__Your assignment__
Below are some records. Quote exactly the lines from the one that contains "暗い馬の壁紙,うま,架空の人物,騎士,cgアートワーク,ゲーム" through the last, both included, and leave out the pictures.

__Extracted material__
******

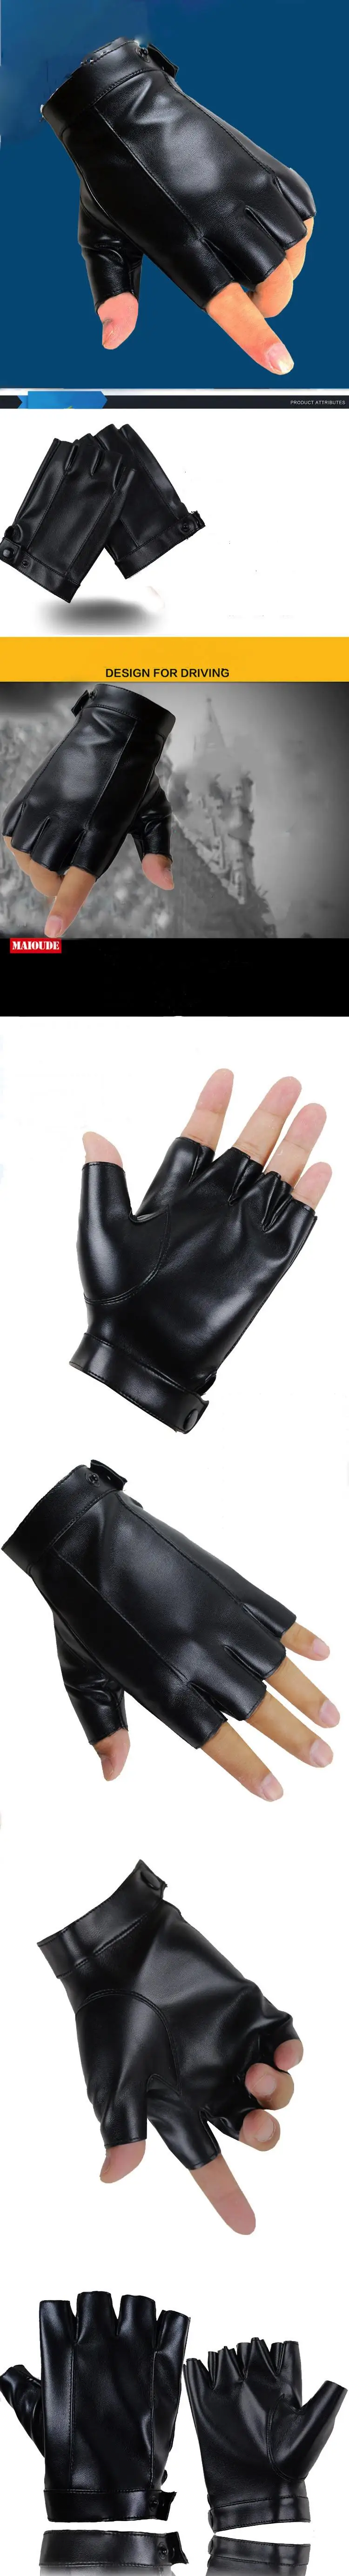 Longkeader модные перчатки с открытыми пальцами для мужчин и женщин из искусственной кожи без пальцев перчатки черные удобные перчатки для вождения Eldiven Guantes
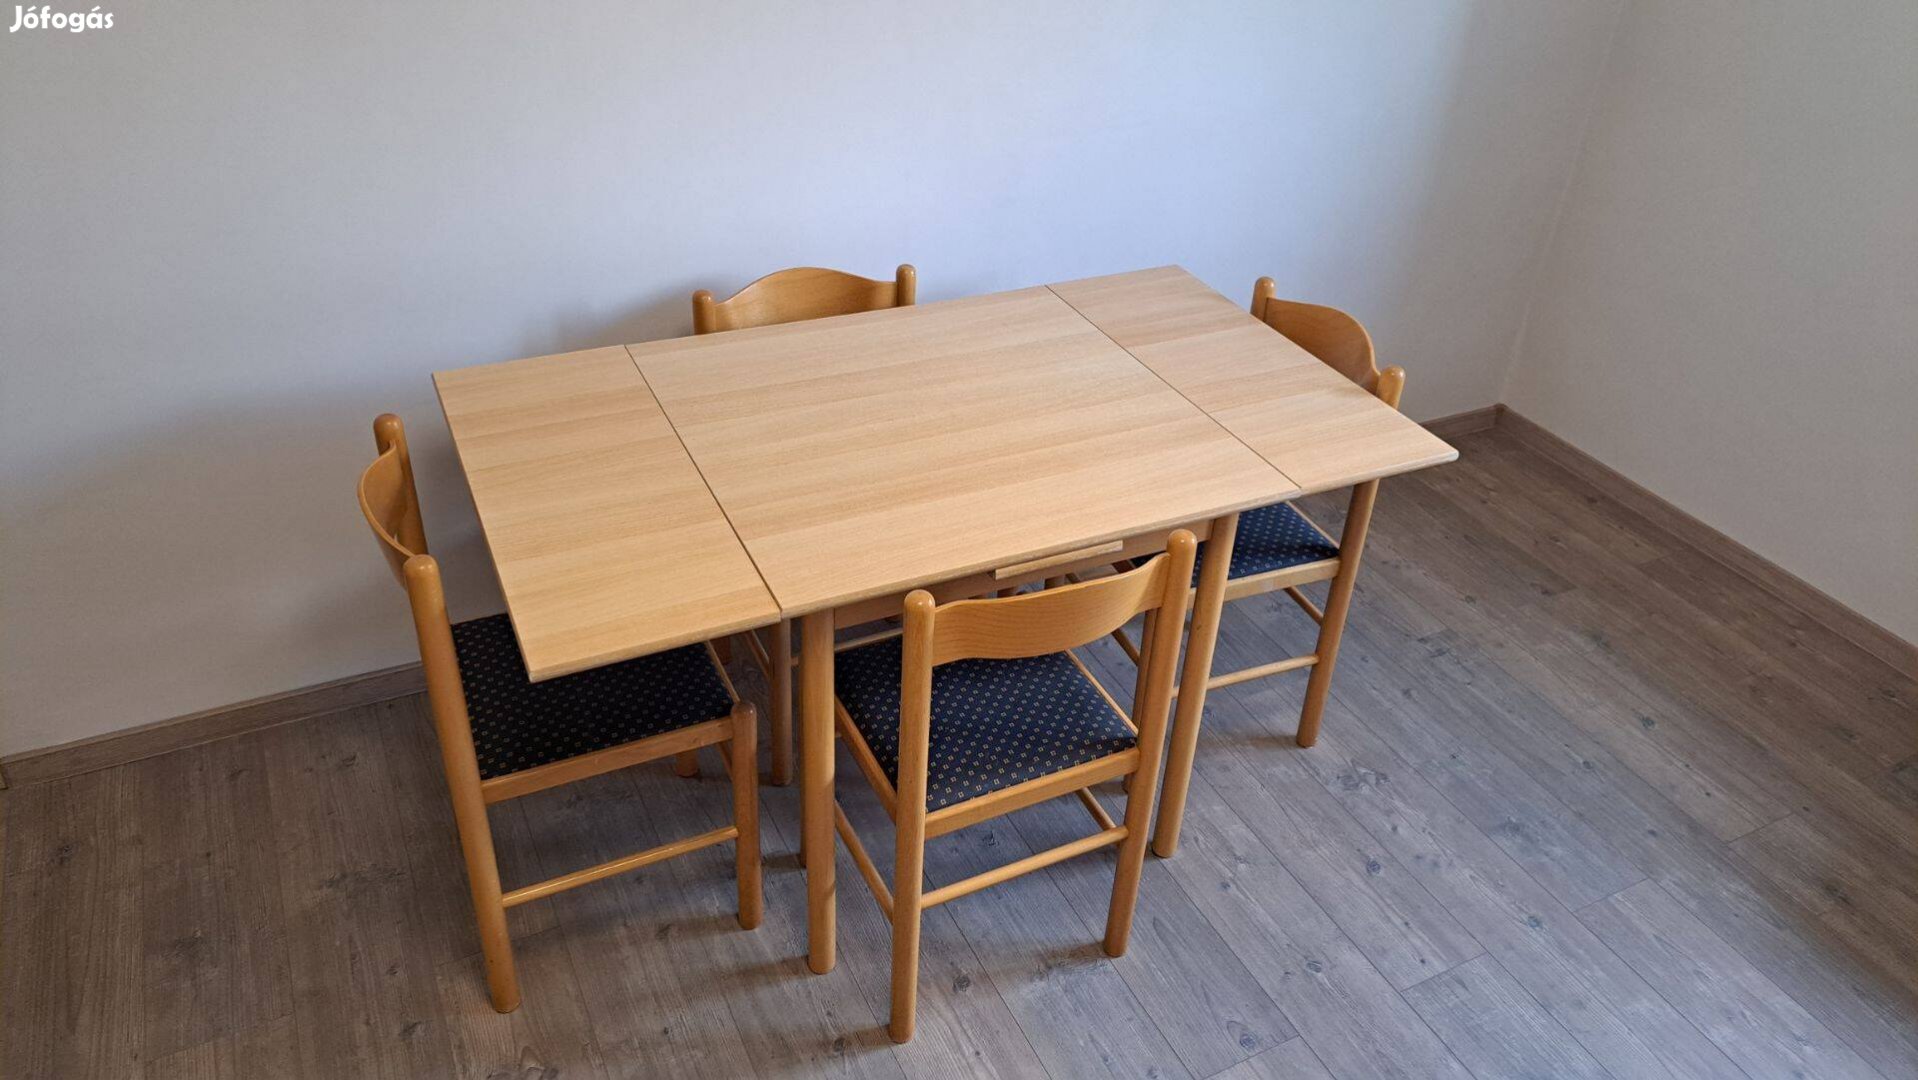 Asztal + 4 szék
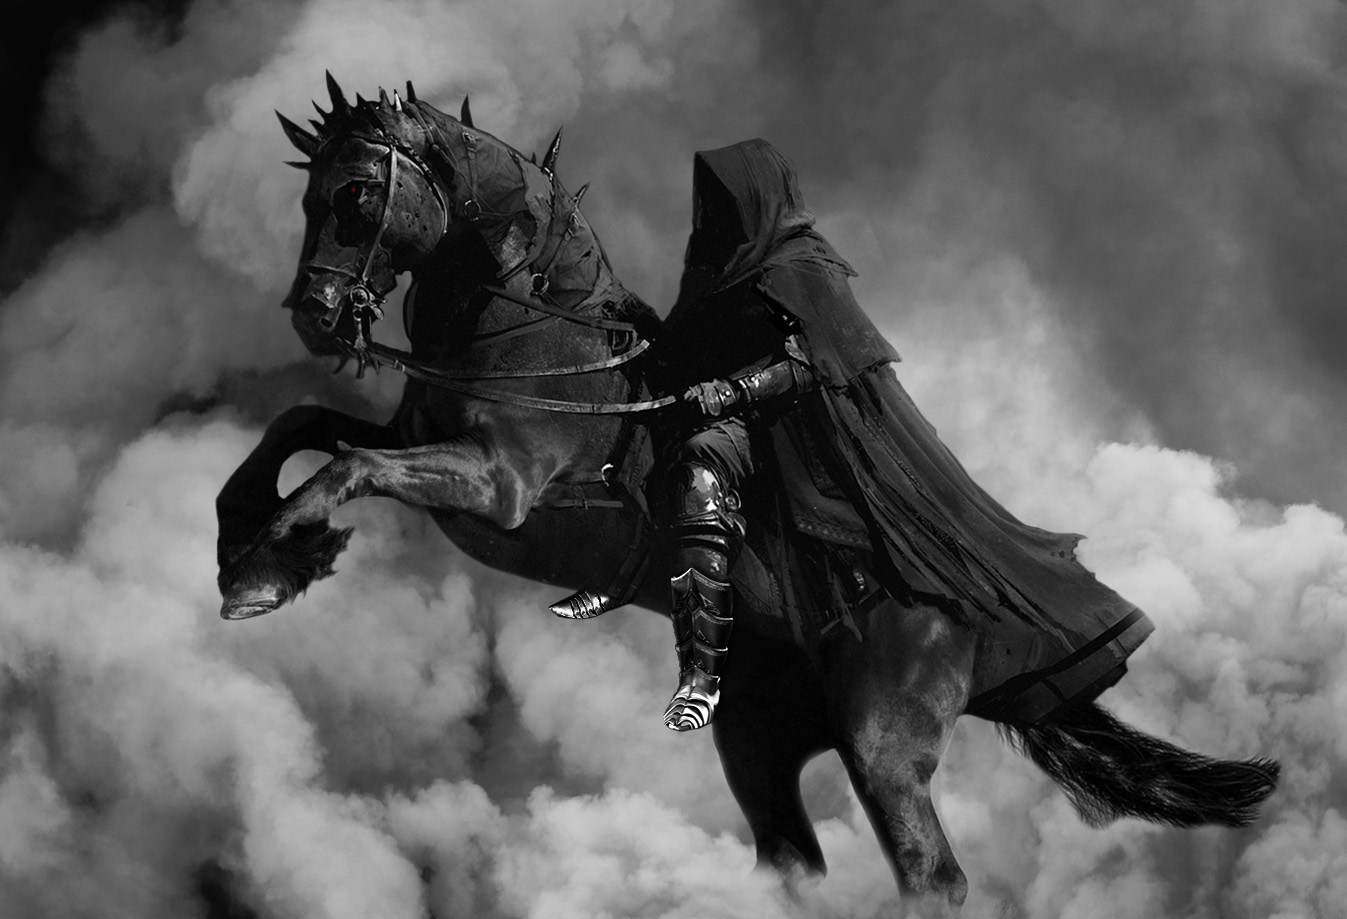 暗い馬の壁紙,うま,架空の人物,騎士,cgアートワーク,ゲーム
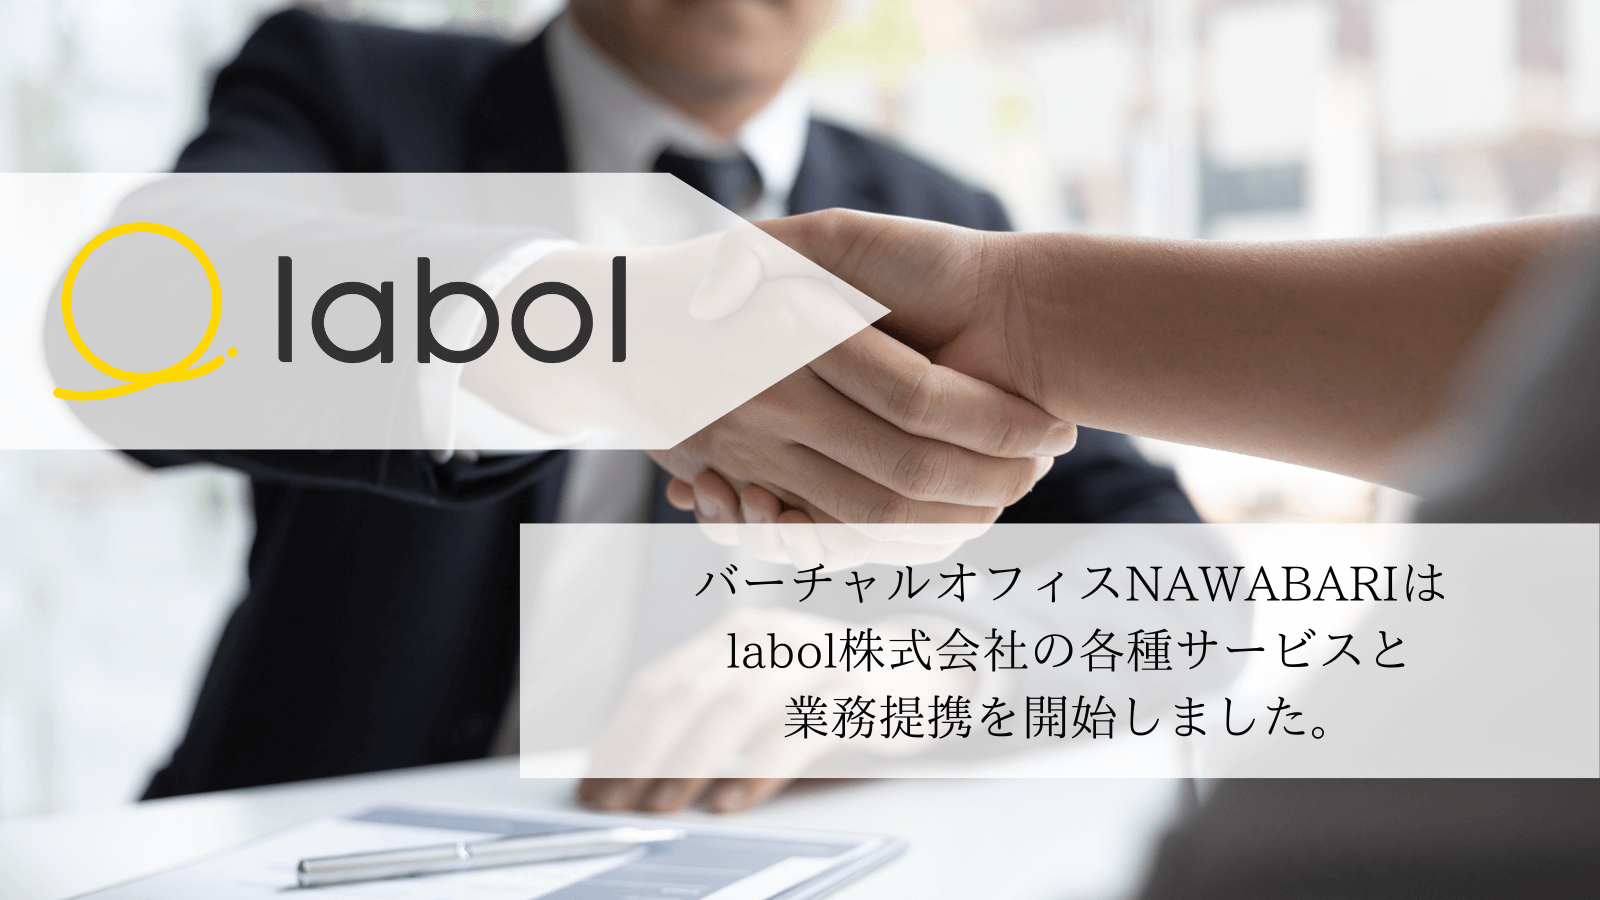 株式会社labolの運営するサービスと業務提携を開始しました。
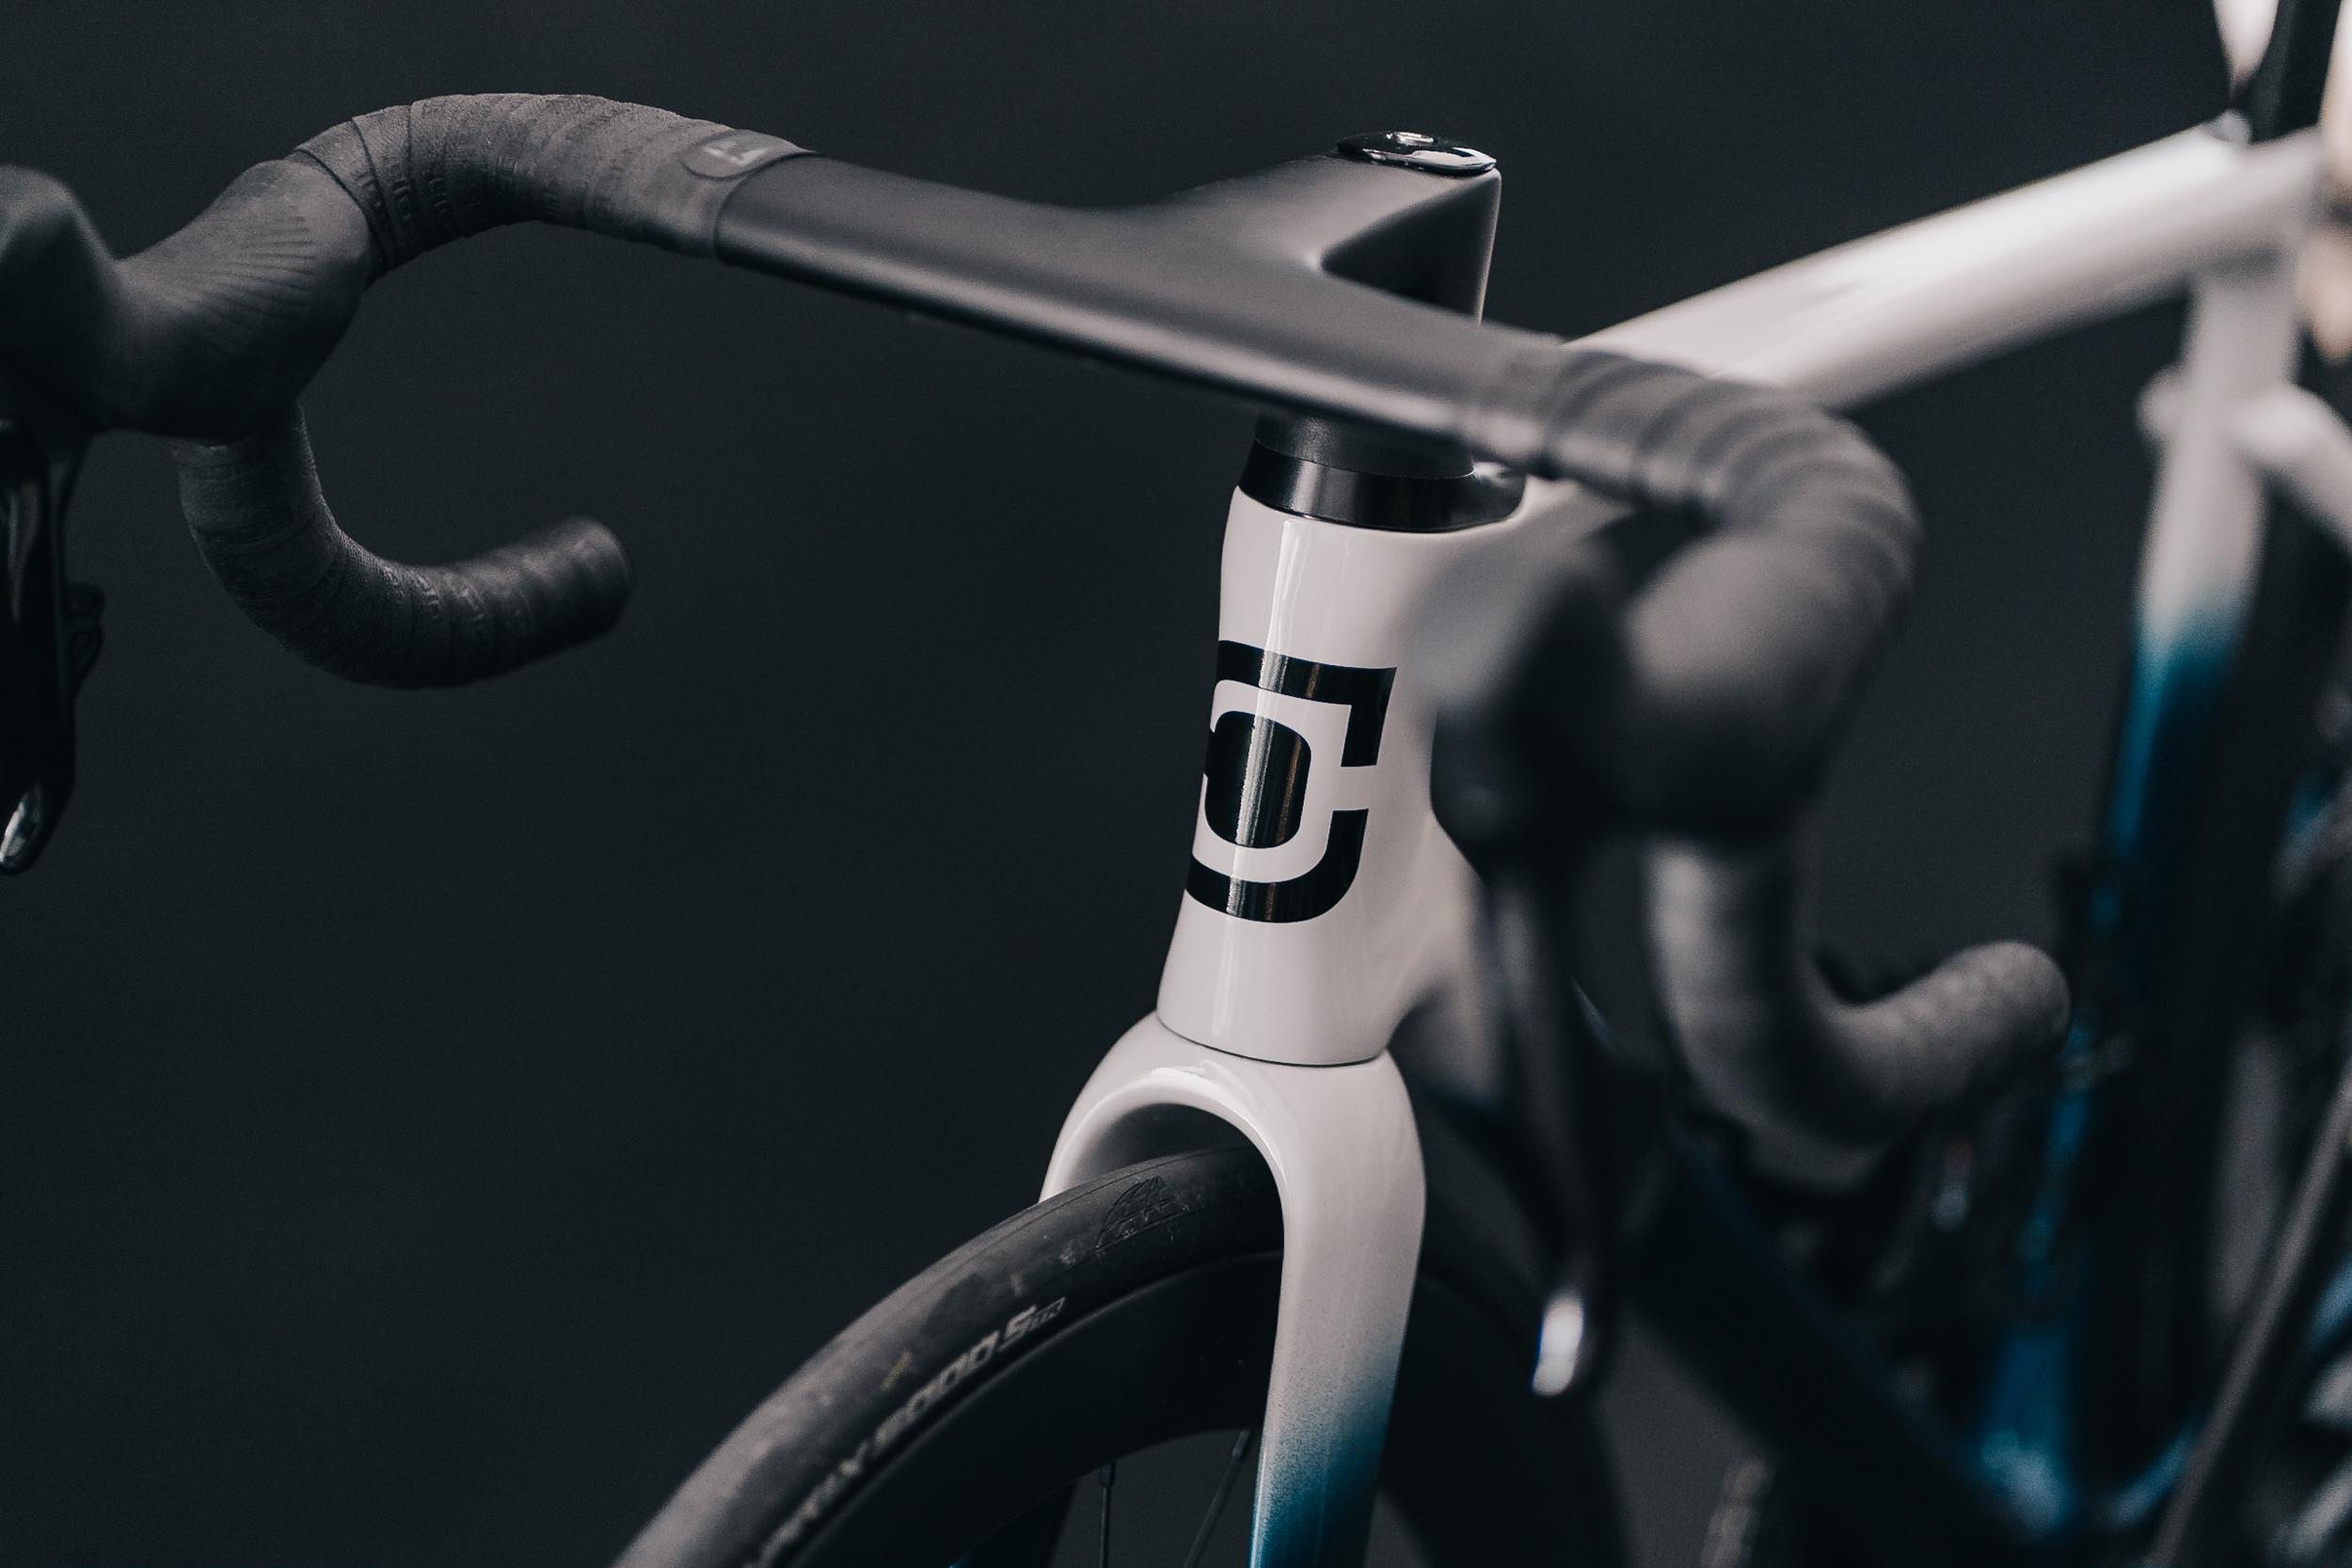 Wählen Sie CS Bikes für ein rundum Paket aus modernster Technologie, erstklassigem Handwerk und maßgeschneiderter Passform. Kompromisslos in Bezug auf Qualität und Stil – entfesseln Sie das volle Potenzial Ihrer Fahrt mit unserem Carbon-Finishing-Kit.

******

__Expected answer__
 暗い馬の壁紙,うま,架空の人物,騎士,cgアートワーク,ゲーム
 株式会社labolの運営するサービスと業務提携を開始しました。
 Wählen Sie CS Bikes für ein rundum Paket aus modernster Technologie, erstklassigem Handwerk und maßgeschneiderter Passform. Kompromisslos in Bezug auf Qualität und Stil – entfesseln Sie das volle Potenzial Ihrer Fahrt mit unserem Carbon-Finishing-Kit.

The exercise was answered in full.